▶

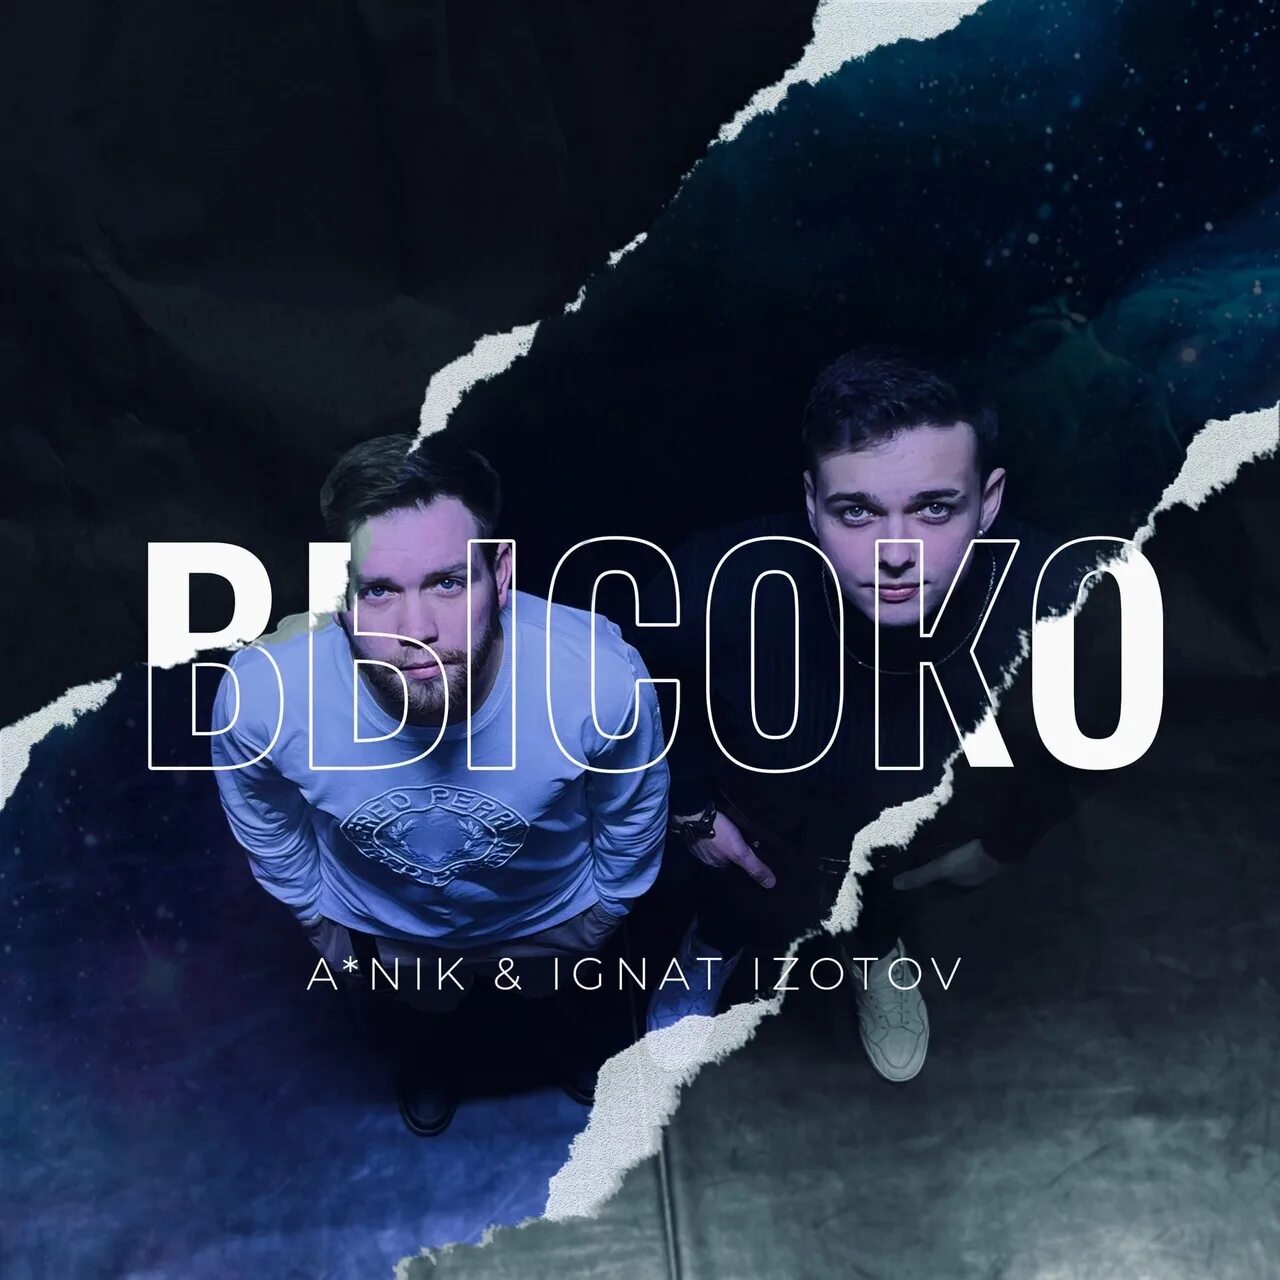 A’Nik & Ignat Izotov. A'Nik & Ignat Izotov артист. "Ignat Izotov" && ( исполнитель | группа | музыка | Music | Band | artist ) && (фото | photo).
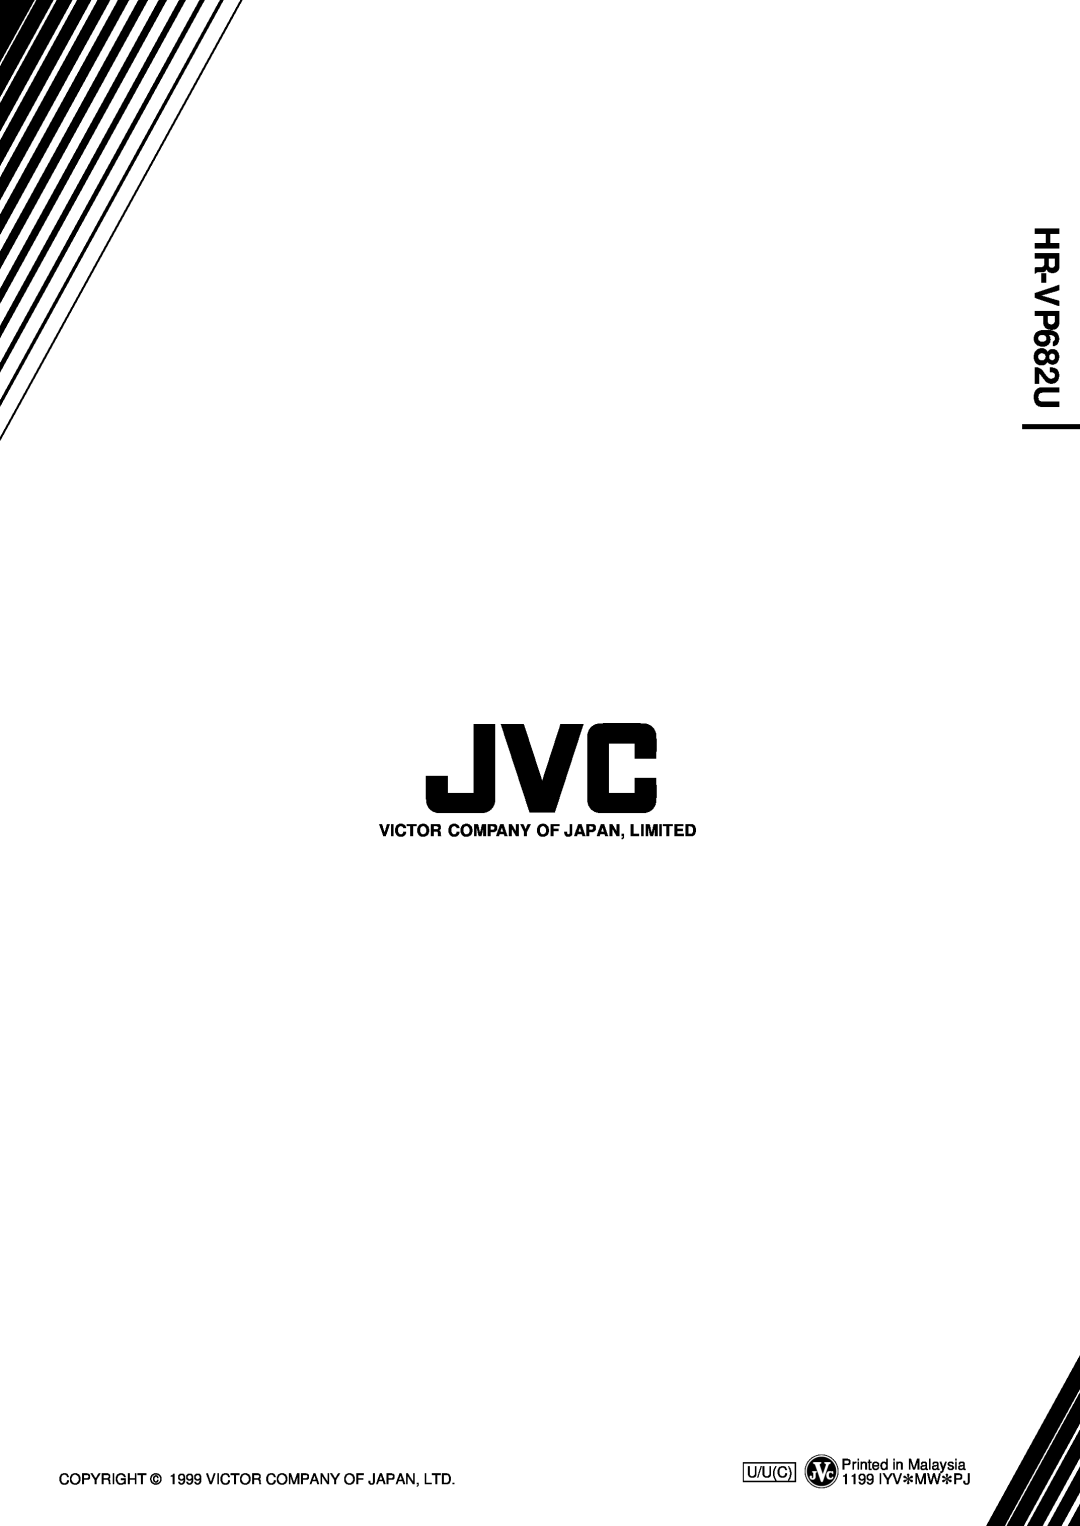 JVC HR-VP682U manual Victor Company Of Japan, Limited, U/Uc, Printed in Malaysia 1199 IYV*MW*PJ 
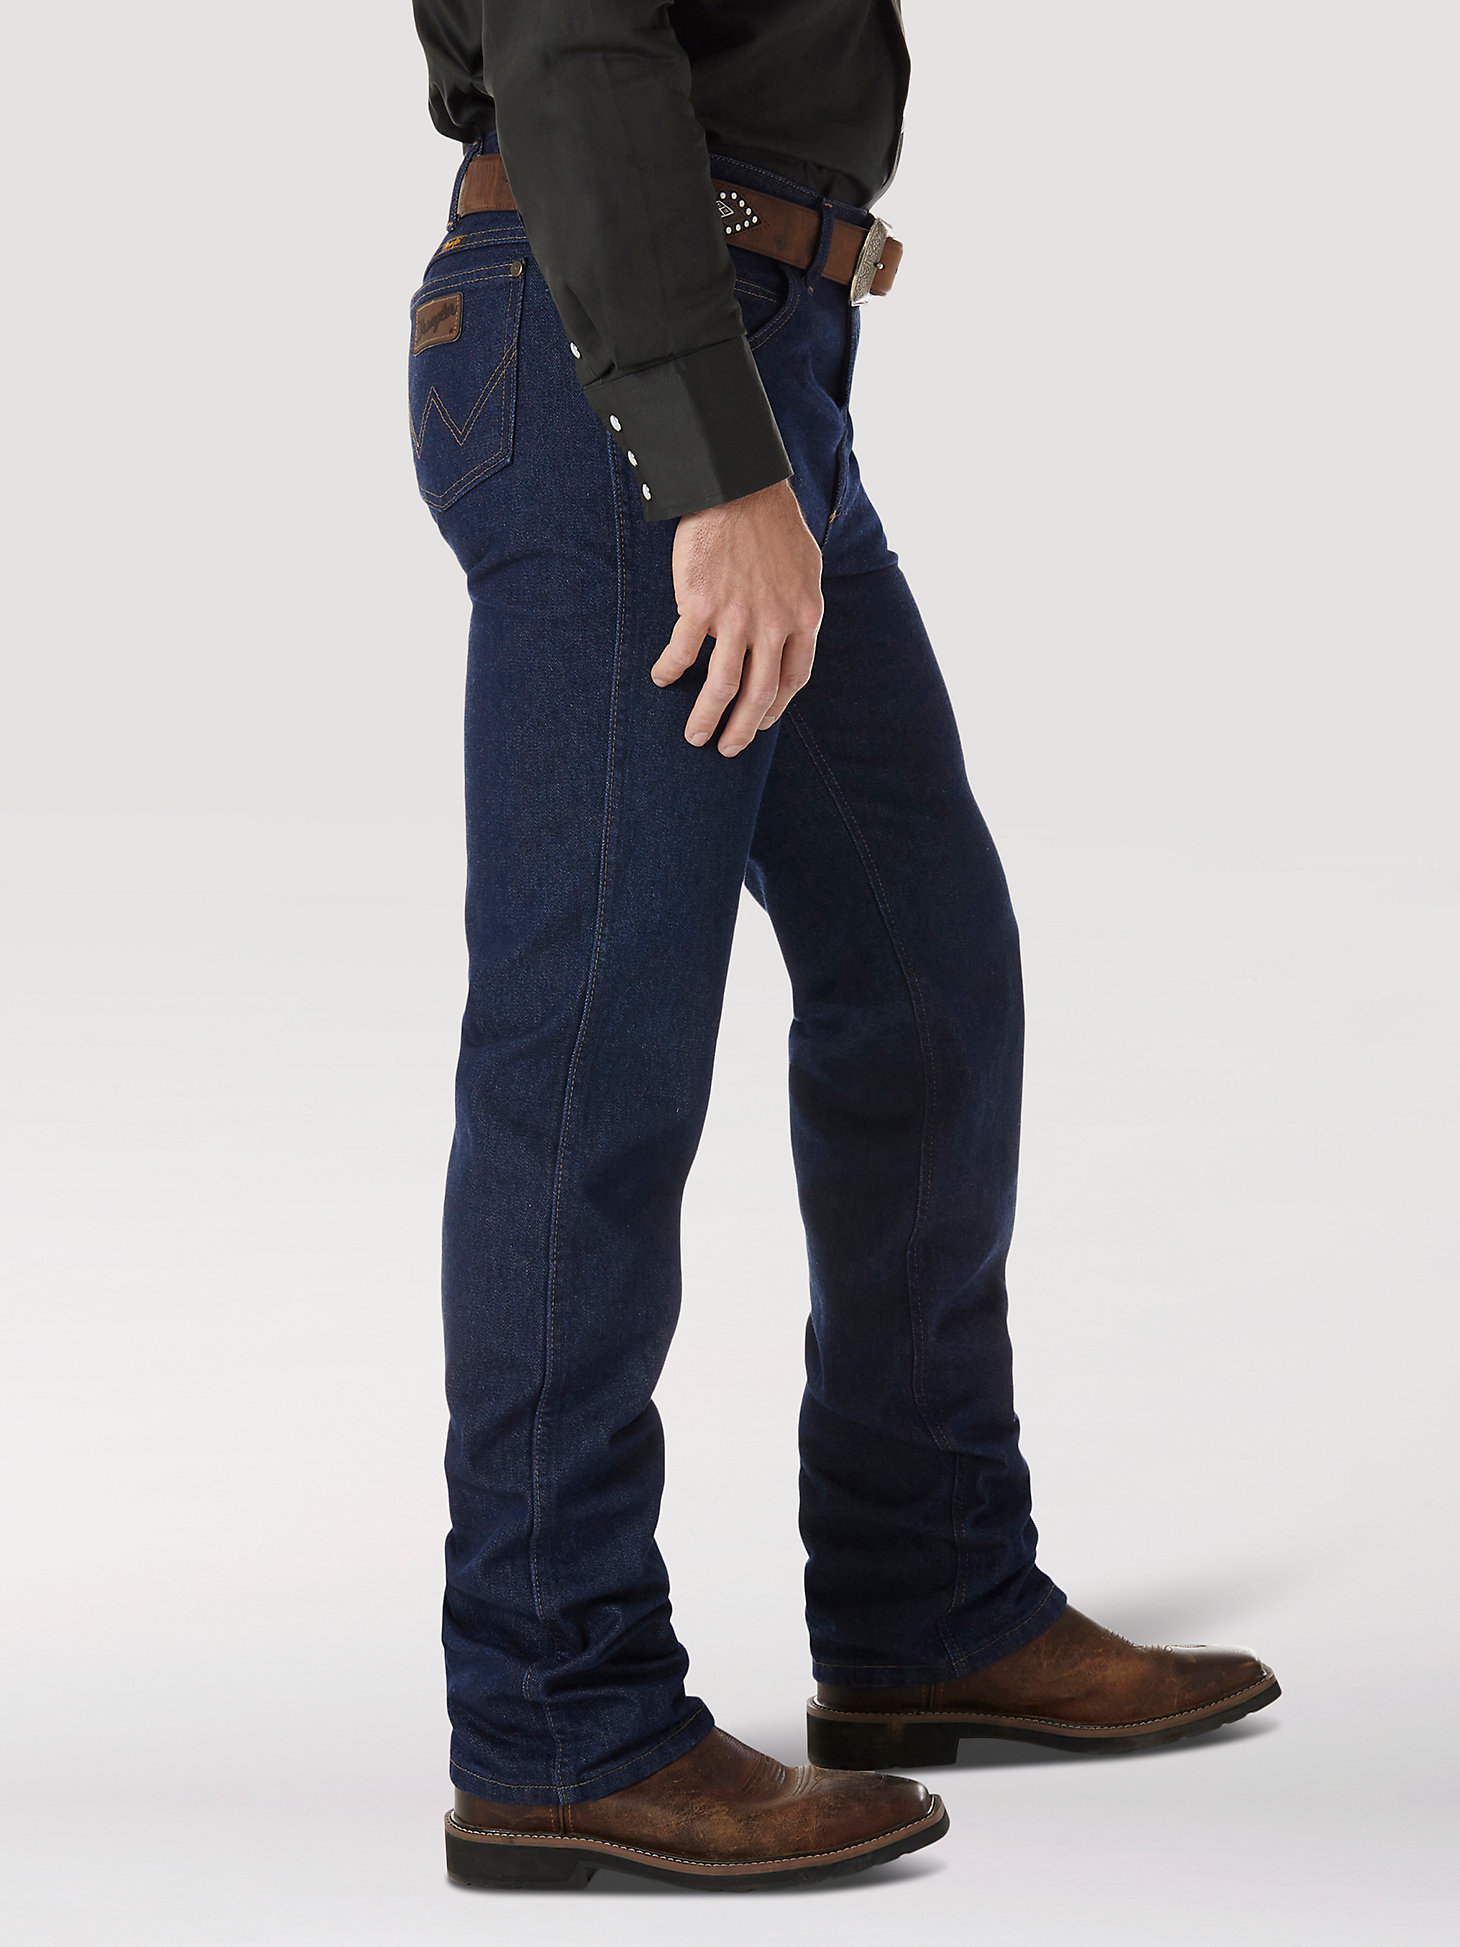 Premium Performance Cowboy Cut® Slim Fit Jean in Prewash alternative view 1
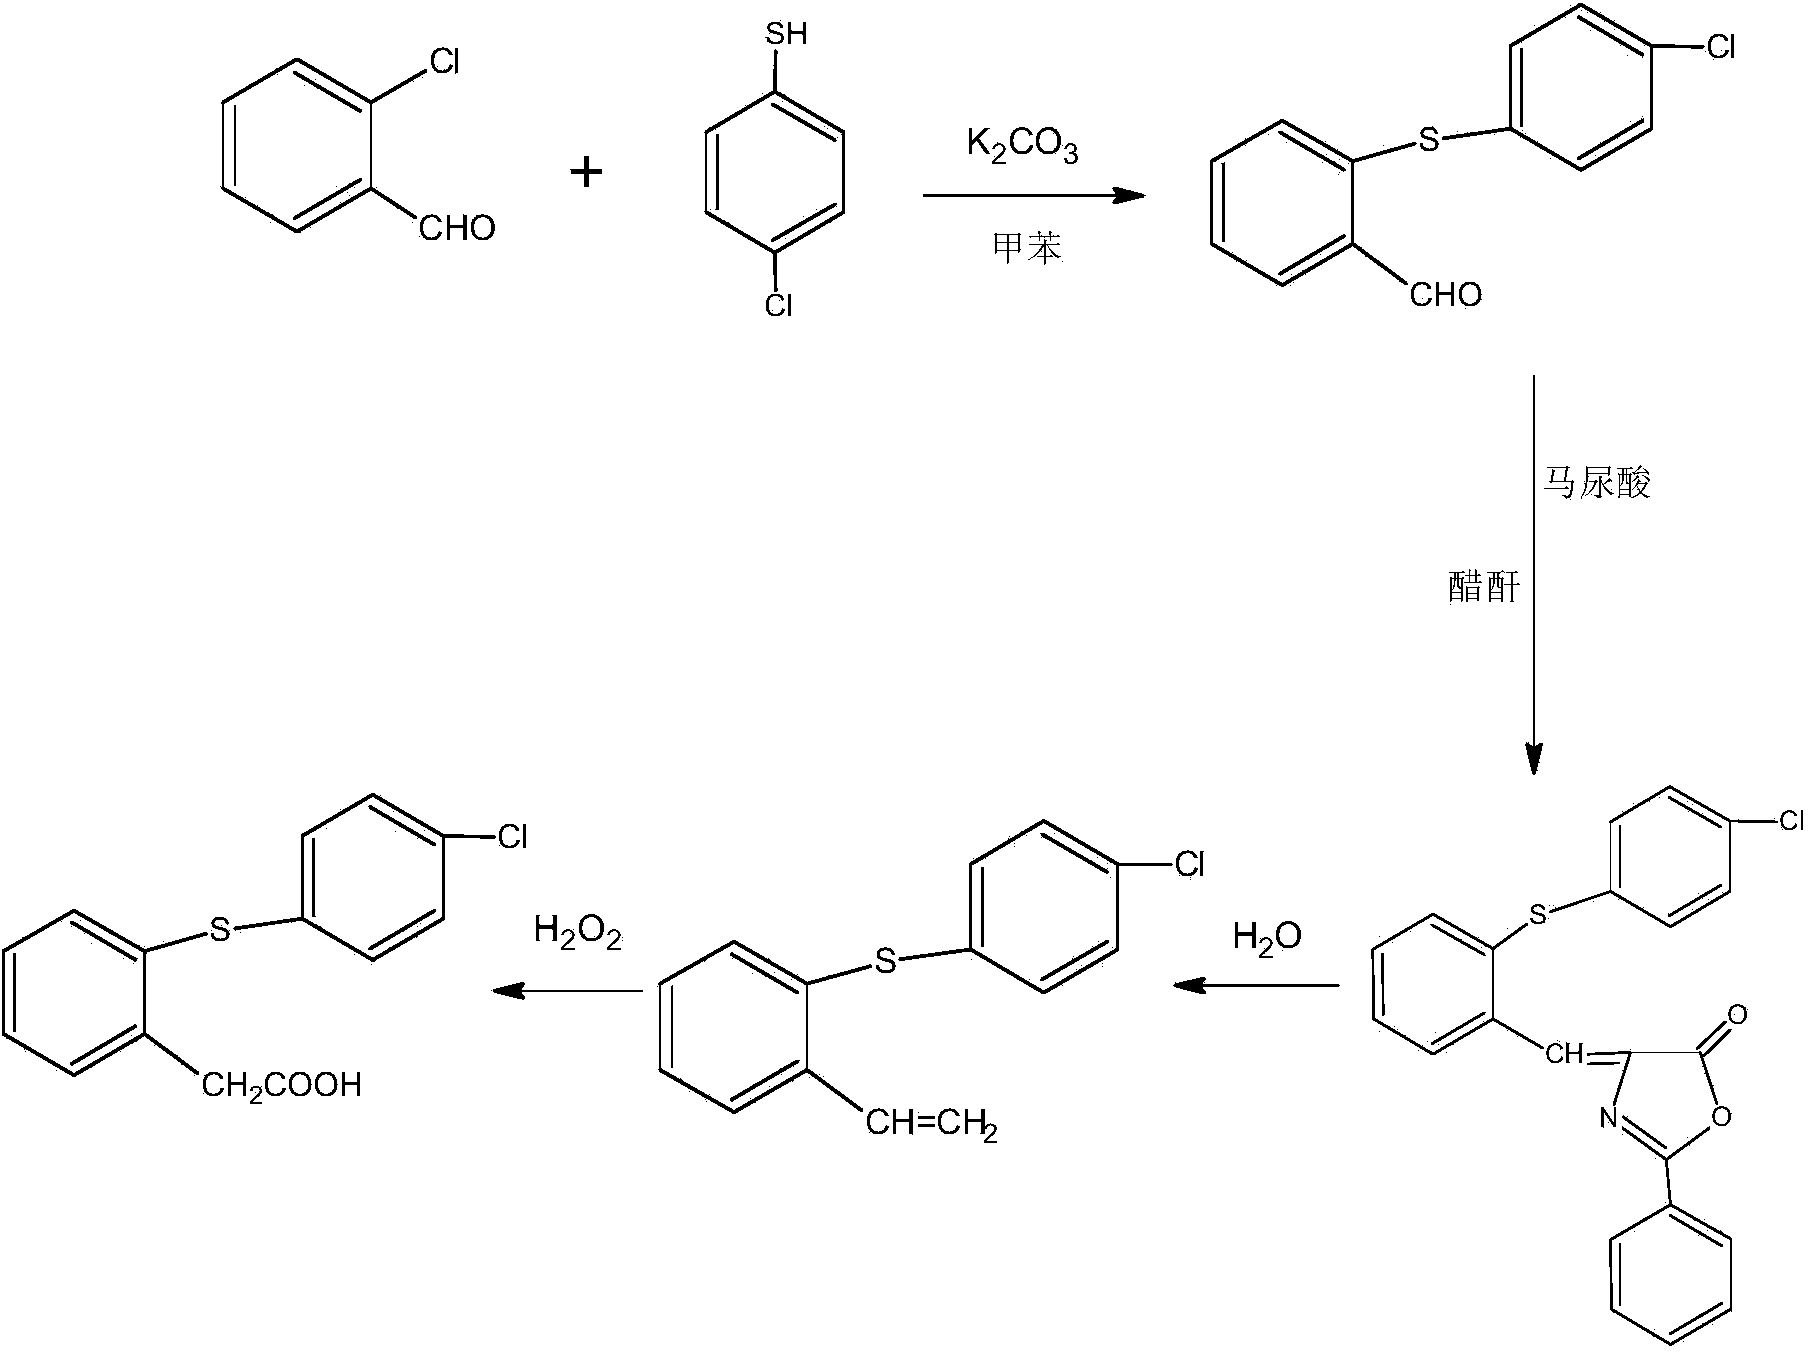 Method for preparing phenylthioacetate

◀

Write out the material above exactly. Skip the pictures.

 A’Nik & Ignat Izotov. A'Nik & Ignat Izotov артист. "Ignat Izotov" && ( исполнитель | группа | музыка | Music | Band | artist ) && (фото | photo).
 JVC HR-VP682U manual Victor Company Of Japan, Limited, U/Uc, Printed in Malaysia 1199 IYV*MW*PJ 
 Premium Performance Cowboy Cut® Slim Fit Jean in Prewash alternative view 1
 Method for preparing phenylthioacetate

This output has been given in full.